Suppose that an event is considered "very likely" only if the probability of it occurring is greater than 0.99. On those grounds, it is presumed to be rational to accept the proposition that ticket 1 of the lottery will not win. Since the lottery is fair, it is rational to accept that ticket 2 will not win either. Indeed, it is rational to accept for any individual ticket i of the lottery that ticket i will not win. However, accepting that ticket 1 will not win, accepting that ticket 2 will not win, and so on until accepting that ticket 1,000 will not win entails that it is rational to accept that no ticket will win, which entails that it is rational to accept the contradictory proposition that one ticket wins and no ticket wins.
The lottery paradox was designed to demonstrate that three attractive principles governing rational acceptance lead to contradiction:
>It is rational to accept a proposition that is very likely true.
>It is irrational to accept a proposition that is known to be inconsistent and is jointly inconsistent.
>If it is rational to accept a proposition A and it is rational to accept another proposition A', it is rational to accept A and A'.
yes but you have two tickets. Doesn't make the game any more profitable though
>My 1 ticket has just as good a chance of being selected as your 999,999,999 tickets
Unbelievable stuff. This is the level of the "people" who frequent LULZ in 2023.

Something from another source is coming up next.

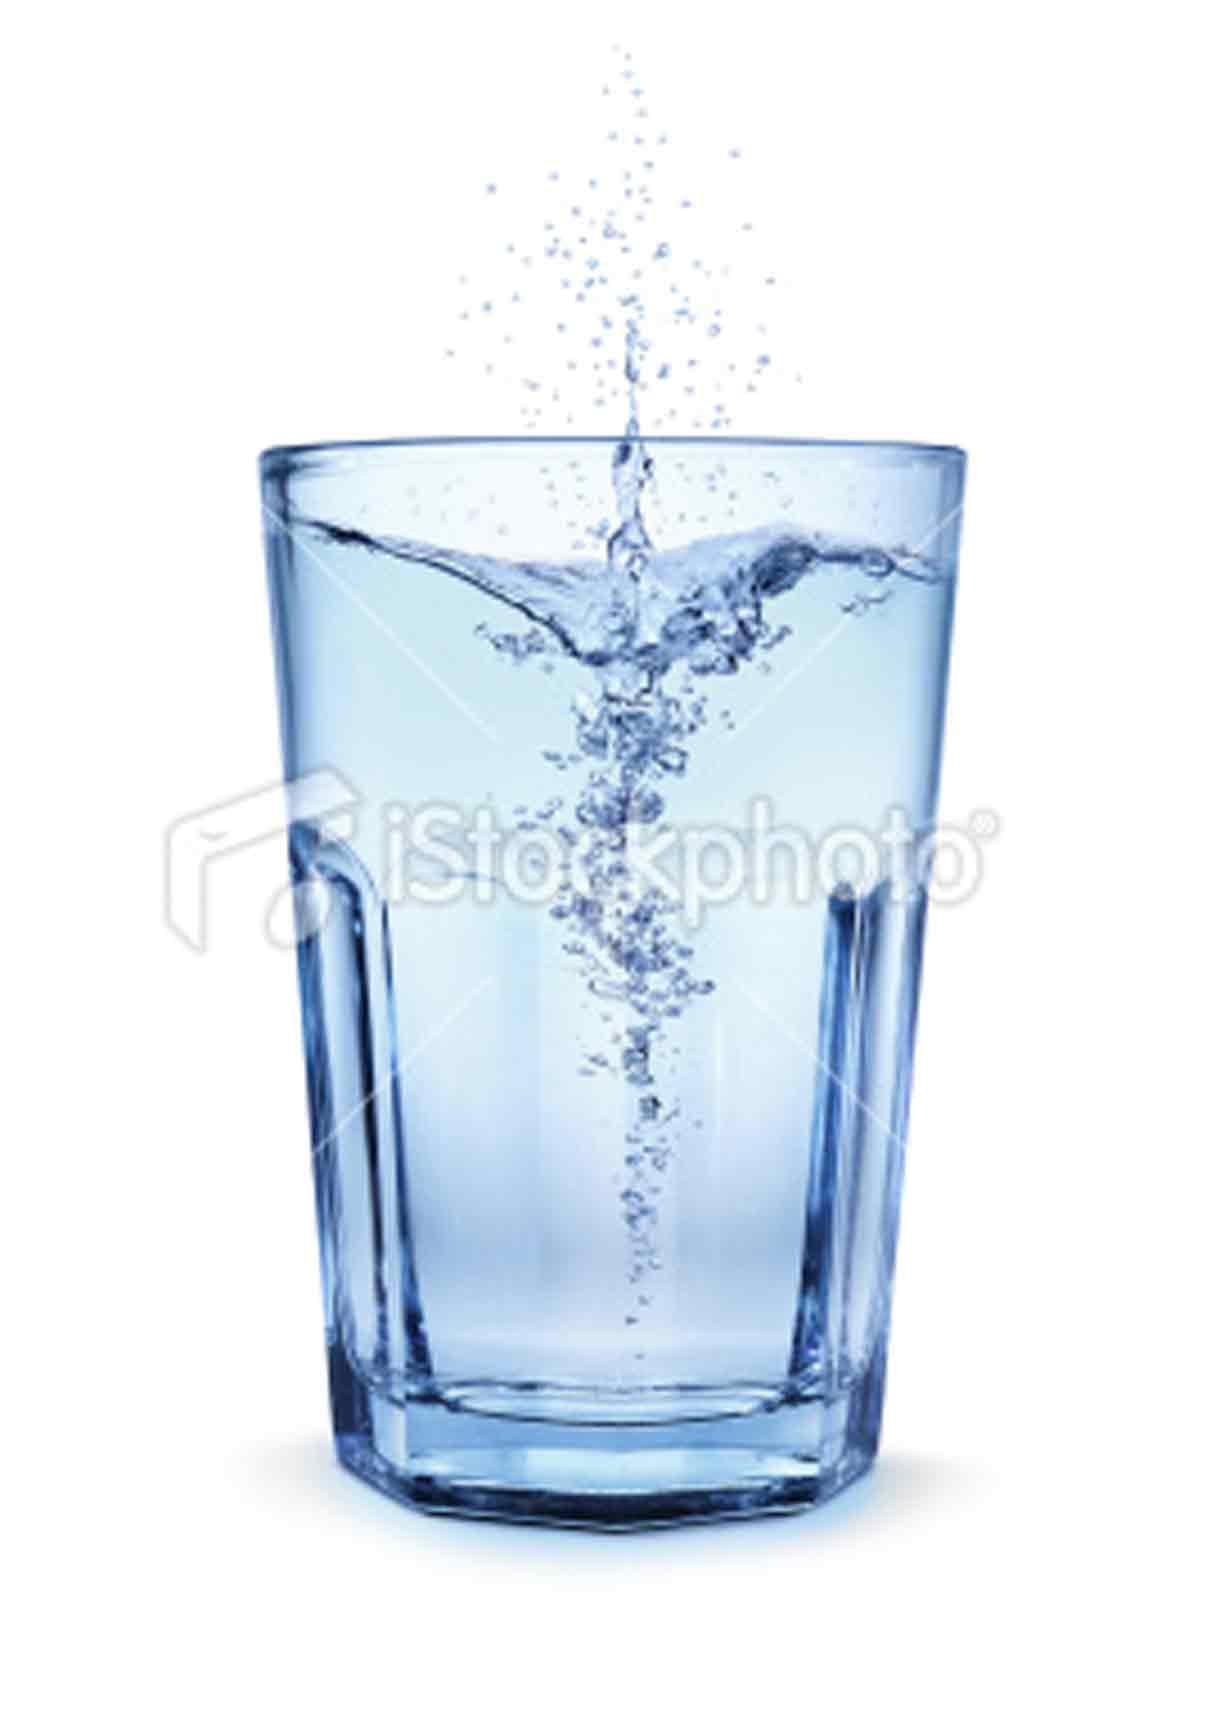 Drinking Salt Water Cat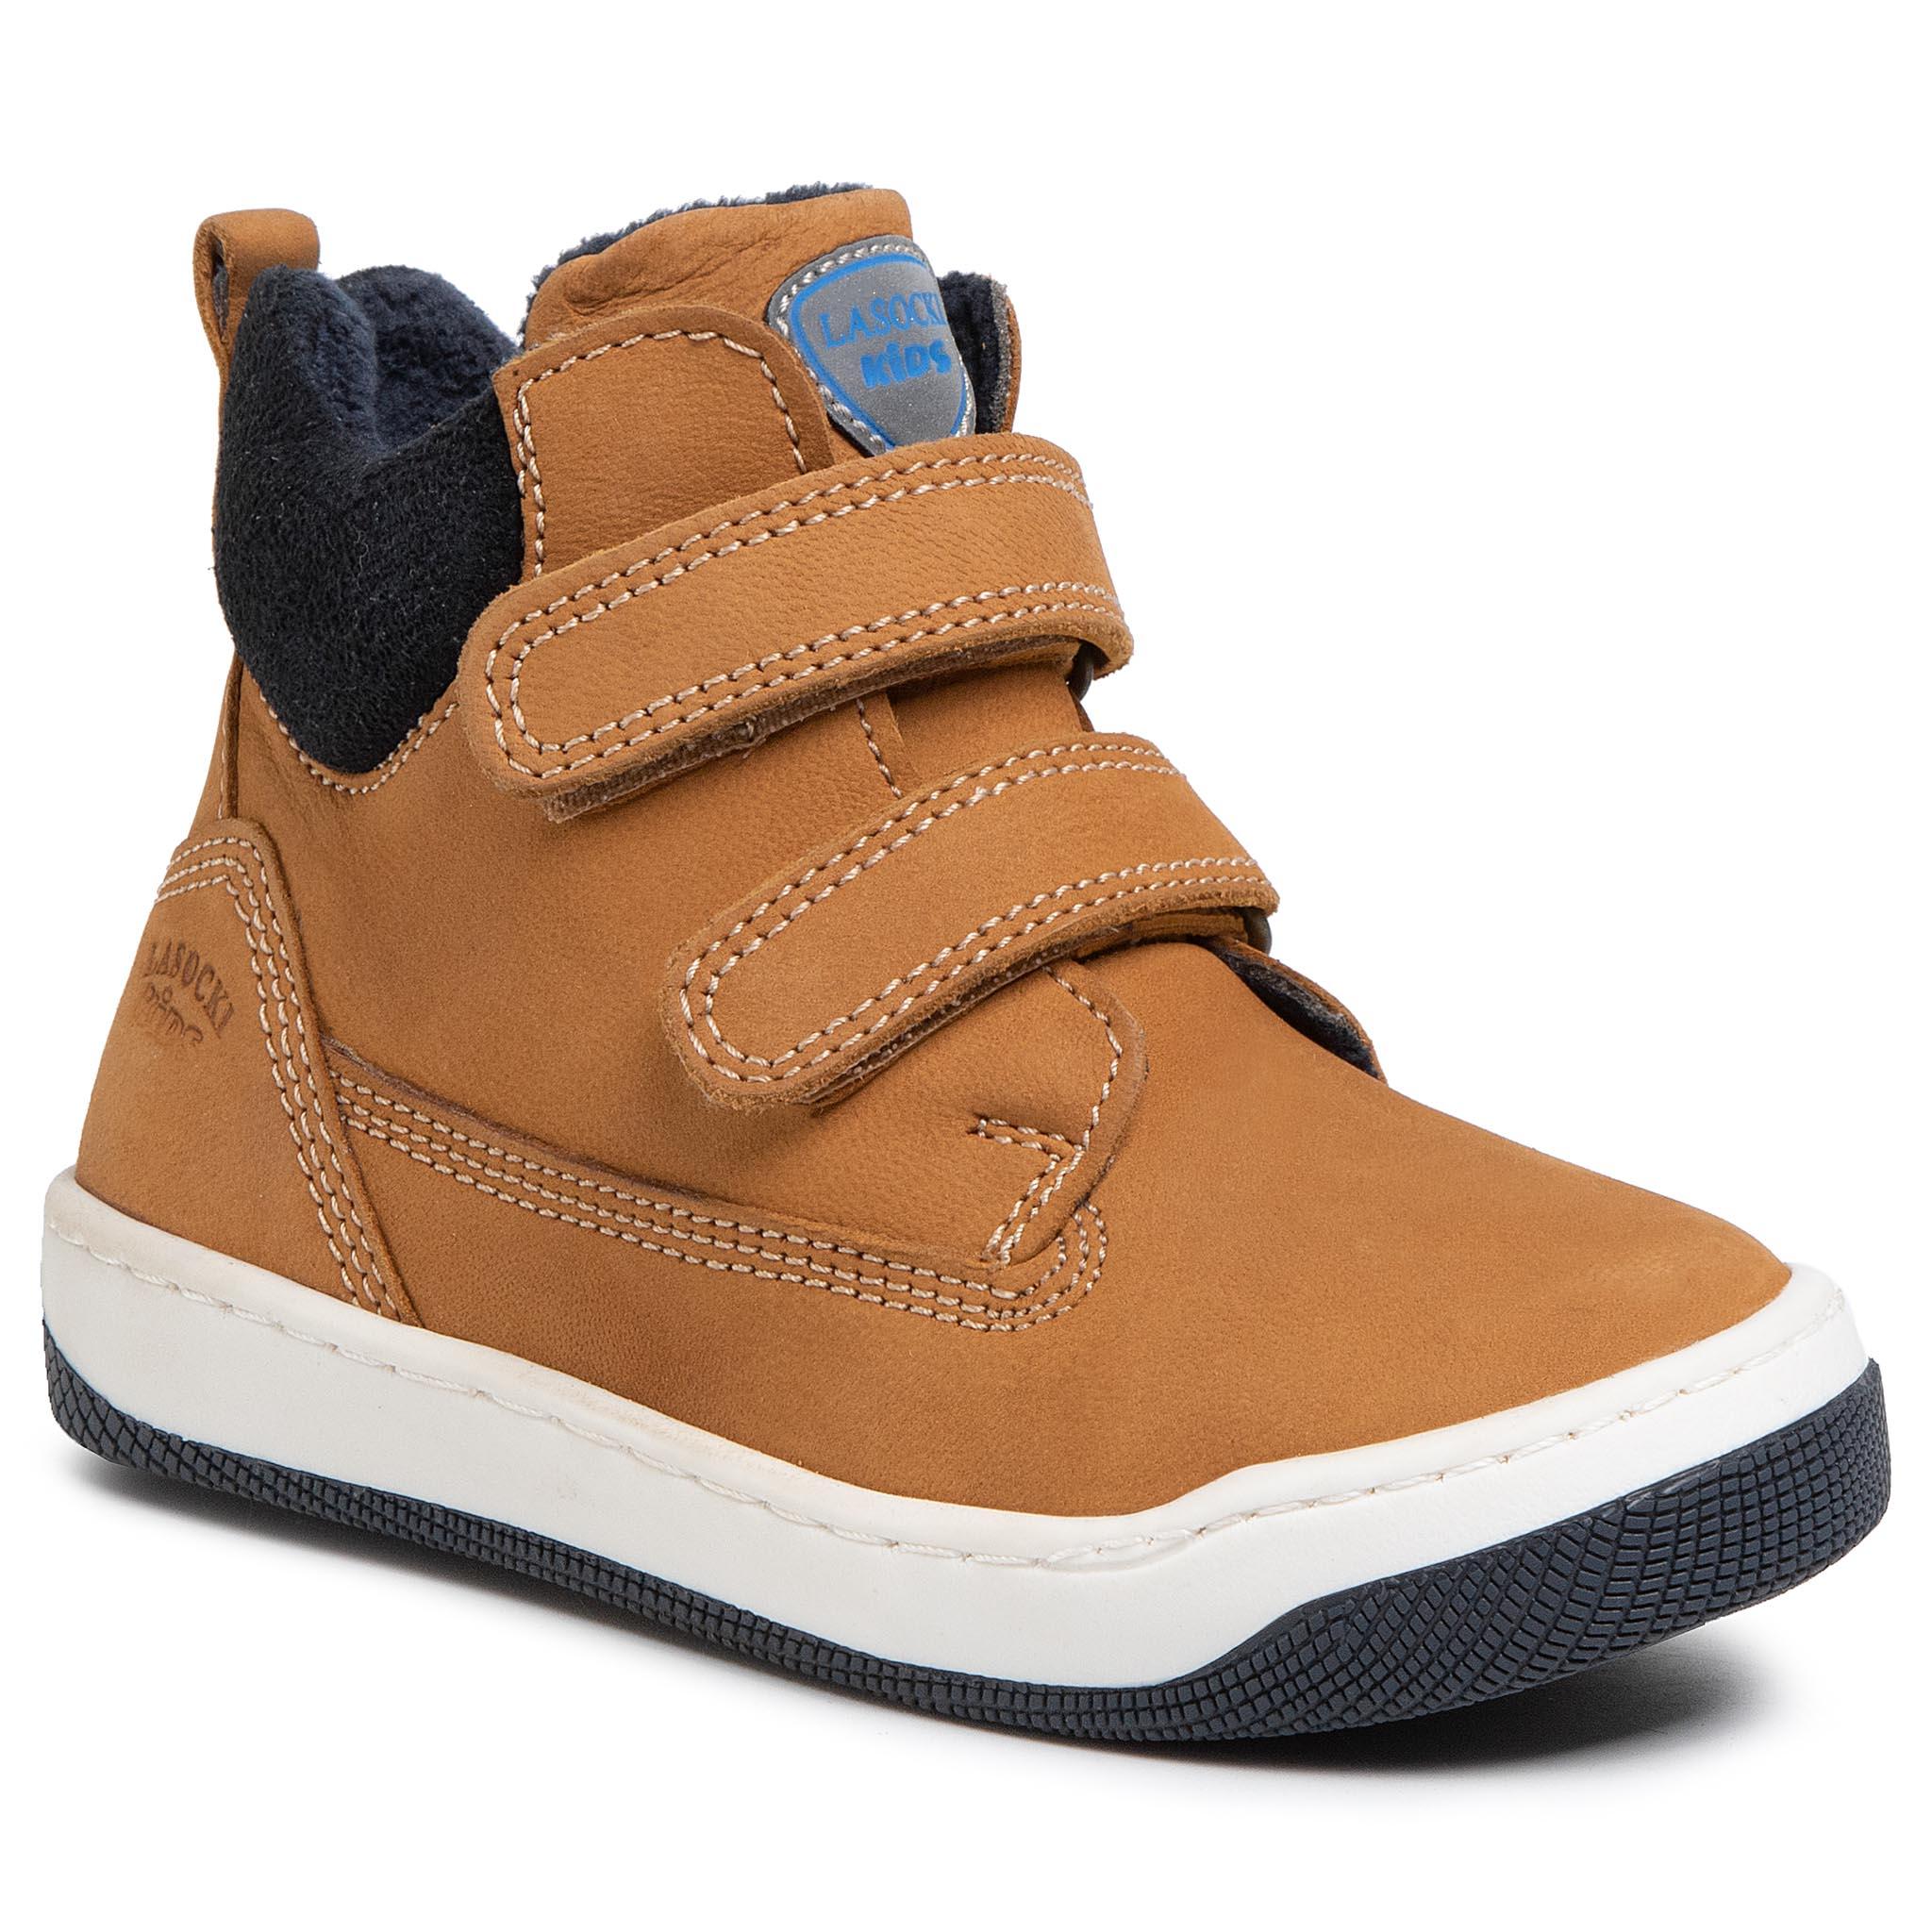 Outdoorová obuv LASOCKI KIDS - CI12-SPRITE-01 Camel

You missed the point anon and projected a wojak.
There's nothing more I can personally say, I'll let my words stand for themselves and let some more anons give you additional (you)s
@15741536
These animals simply aren't human. Sterilizing them by force is morally neutral.
>6-sided die
>numbers 1 and 2 are assigned to me
>number 3 is assigned to Retard Extraordinaire
>the die is rolled, the number is called
>whoever has one of their numbers called wins
>Retard Extraordinaire insists that his chances of winning are the same as mine
Why are "people" this dumb allowed to have any kind of education?
>each side has a 16.6% chance of being rolled onto
>each time the die is rolled the chance for each side remains 16.6%
>roll 3 seven times in a row
>anon calls me a retard three times before calling his mom
The questions is if it is a disjunction union.
If you know one ticket MUST win... but that is not the way a lottery works.
I will have to learn more about a disjunction union
@15741581
You see? It is rational, moral and necessary to sterilize these "people".
@15741586
@15741590
>this is the intellectual level of the average leftist atheist.
>can't even properly @ someone on 4chins
First day on the internet Timmy?
>how am I supposed to live without my (you)?
@15741596
>the single-celled organism is losing its mind with impotent rage
>single called organisms with a better understanding of statistics than you
Eat an all meat diet with rusty nails and crushed up seashells so your poop cuts your anus when it comes out you trognig.
can someone please explain to a retard if I'm more likely to win if I buy more tickets.
Well, if you buy more tickets (i'm going to maliciously assume you mean arcade tickets you use to gamble with) you get more chances to roll the dice, so you are more likely to win.
so is buying more tickets a good strategy?
yes.
You are just as likely to win the first time as you are the second and third time, so
>no
>Midwit math brain confuses himself on LULZ by creating schizophrenic conditions for the concept of winning at gambling.